Crate training also gives you practical benefits that make the first year with a puppy dramatically easier:
- Potty training accelerates. Puppies instinctively avoid soiling their sleeping area, so a correctly sized crate helps them learn bladder control faster than free-roaming.
- Chewing and destruction decrease. Unsupervised puppies chew things. A crate keeps your furniture and your puppy safe during the hours you can’t watch them.
- Travel becomes easier. A crate-trained dog is calm during vet visits, boarding stays, and car trips.
- Your puppy gets genuine rest. Puppies need 16–18 hours of sleep per day. A quiet crate makes napping easier than the middle of a busy household.
Choosing the right crate

The two most important factors are size and type.
Size
The crate should be large enough for your puppy to stand up without crouching, turn in a full circle, and lie flat on their side. That’s it. A crate that’s too large defeats one of its primary purposes — if the puppy can use one end as a bathroom and sleep comfortably at the other, they will.
Most wire crates come with a divider panel, which lets you buy a crate sized for your dog’s adult weight and simply section it off as the puppy grows. This is the most economical approach.
| Dog weight | Crate size | Dimensions (approx.) | Notes |
| Up to 10 lb | 18″–22″ | 18×12×14″ | Toy breeds, very young pups |
| 10–25 lb | 24″ | 24×18×21″ | Small breeds |
| 25–40 lb | 30″ | 30×19×21″ | Medium breeds, e.g. Cocker Spaniel |
| 40–70 lb | 36″ | 36×23×25″ | Labrador, Border Collie |
| 70–90 lb | 42″ | 42×28×30″ | Golden Retriever, Boxer |
| 90+ lb | 48″ | 48×30×33″ | Giant breeds, e.g. Great Dane |
When in doubt, size down slightly — a snug fit is better than excess space for a puppy who isn’t yet house-trained.
Crate types
- Wire crates are the most popular for puppies. They provide excellent airflow, collapse flat for storage, and feature an adjustable divider panel. The open structure also allows puppies to see and hear the household, reducing isolation anxiety.
- Plastic travel crates (airline crates) are more enclosed, which some dogs find more den-like once trained. Less useful for warm climates or anxious puppies who need visual reassurance.
- Soft-sided crates are not recommended for puppies — they can be chewed through, are harder to clean, and offer no containment for an escape artist.

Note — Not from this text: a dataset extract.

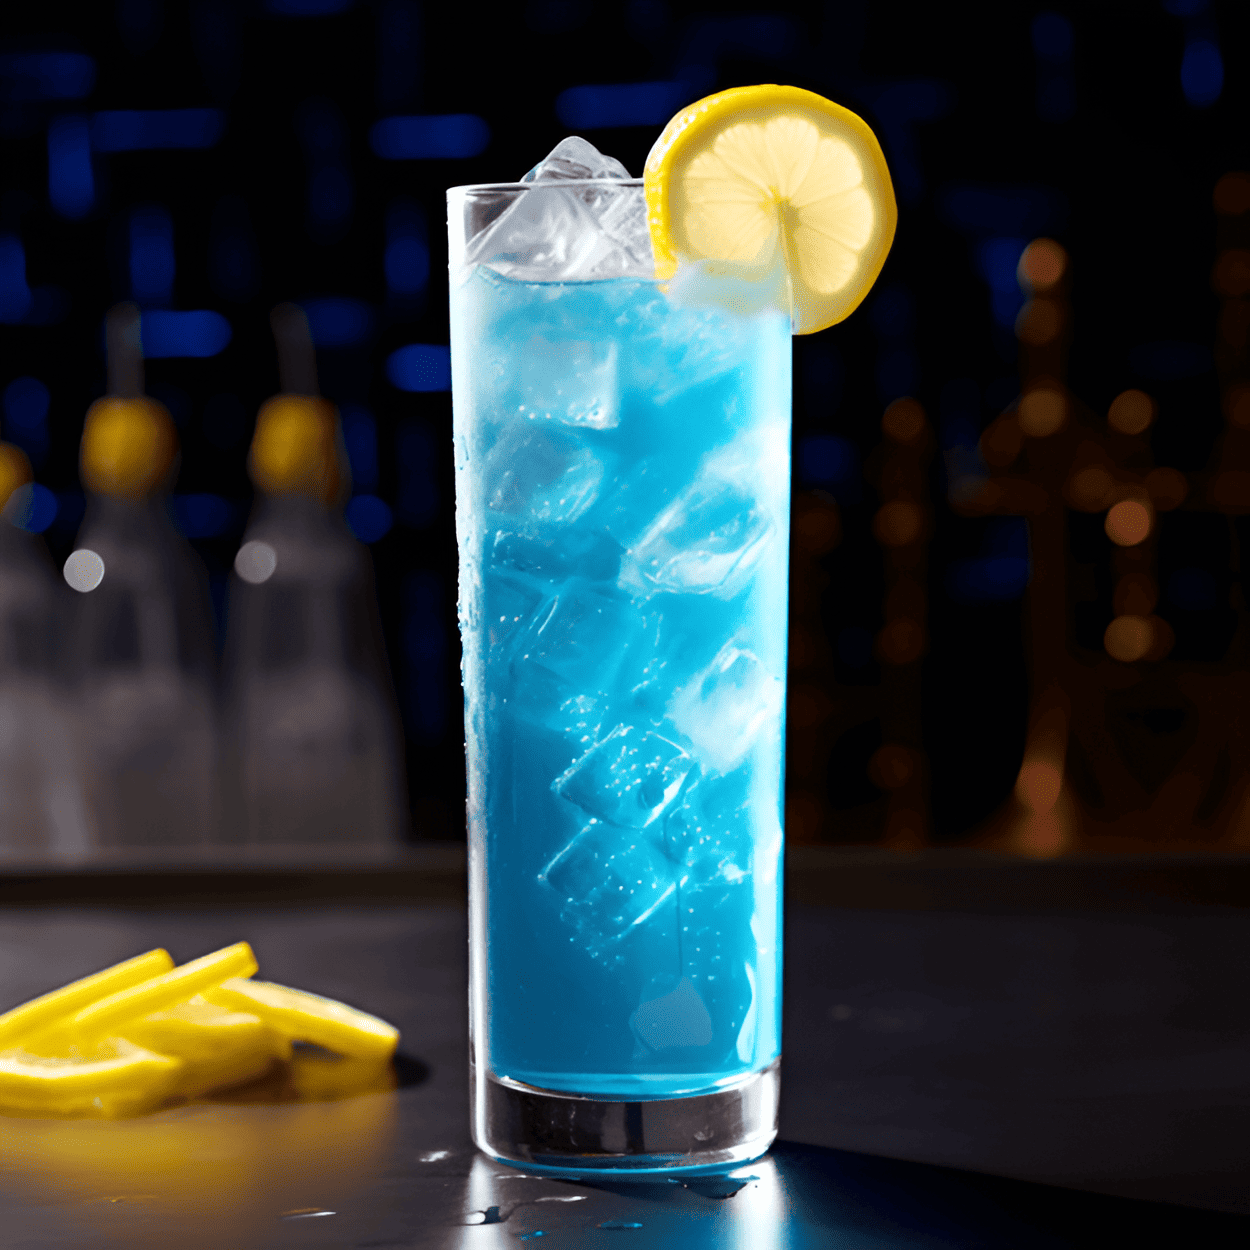 Titanic Cocktail Recipe - The Titanic cocktail is a robust and hearty drink. It has a strong, bold flavor with a hint of sweetness from the blue curacao. The whiskey gives it a warm, smoky undertone, while the lemon juice adds a refreshing tang.

| Where to put the crate. During the day: a central room where the family spends time — kitchen, living room. Your puppy should be able to see activity, not be isolated. At night: your bedroom, or just outside the door. Proximity matters enormously for young puppies. A puppy crying in a distant room is more distressed than a puppy crying three feet from your bed. Once crate training is solid (typically 4–8 weeks in), you can gradually move the crate to wherever you want it permanently. |
The 7-step introduction process
Rush this, and you’ll spend weeks undoing the damage. Take it at your puppy’s pace, before you extend your puppy’s stay for a longer period of time, and the whole thing clicks faster.
Plan on 3–7 days for Steps 1–4 before you expect your puppy to stay calmly in a closed crate.
- Introduce the crate with the door open. Place it in the room where your puppy spends most of the time. Put a soft blanket inside and let the puppy sniff it freely — no pressure, no closing the door. If they go in on their own, calmly praise them. Toss treats just inside the door so they associate good things with the entrance. Do this for a day or two before moving on.
- Lure them further inside. Toss treats all the way to the back of the crate. Once the puppy walks in confidently, add a verbal cue — something short and consistent like “crate” or “bed.” Say the word, toss the treat. You’re building a conditioned response: the word predicts good things inside the crate.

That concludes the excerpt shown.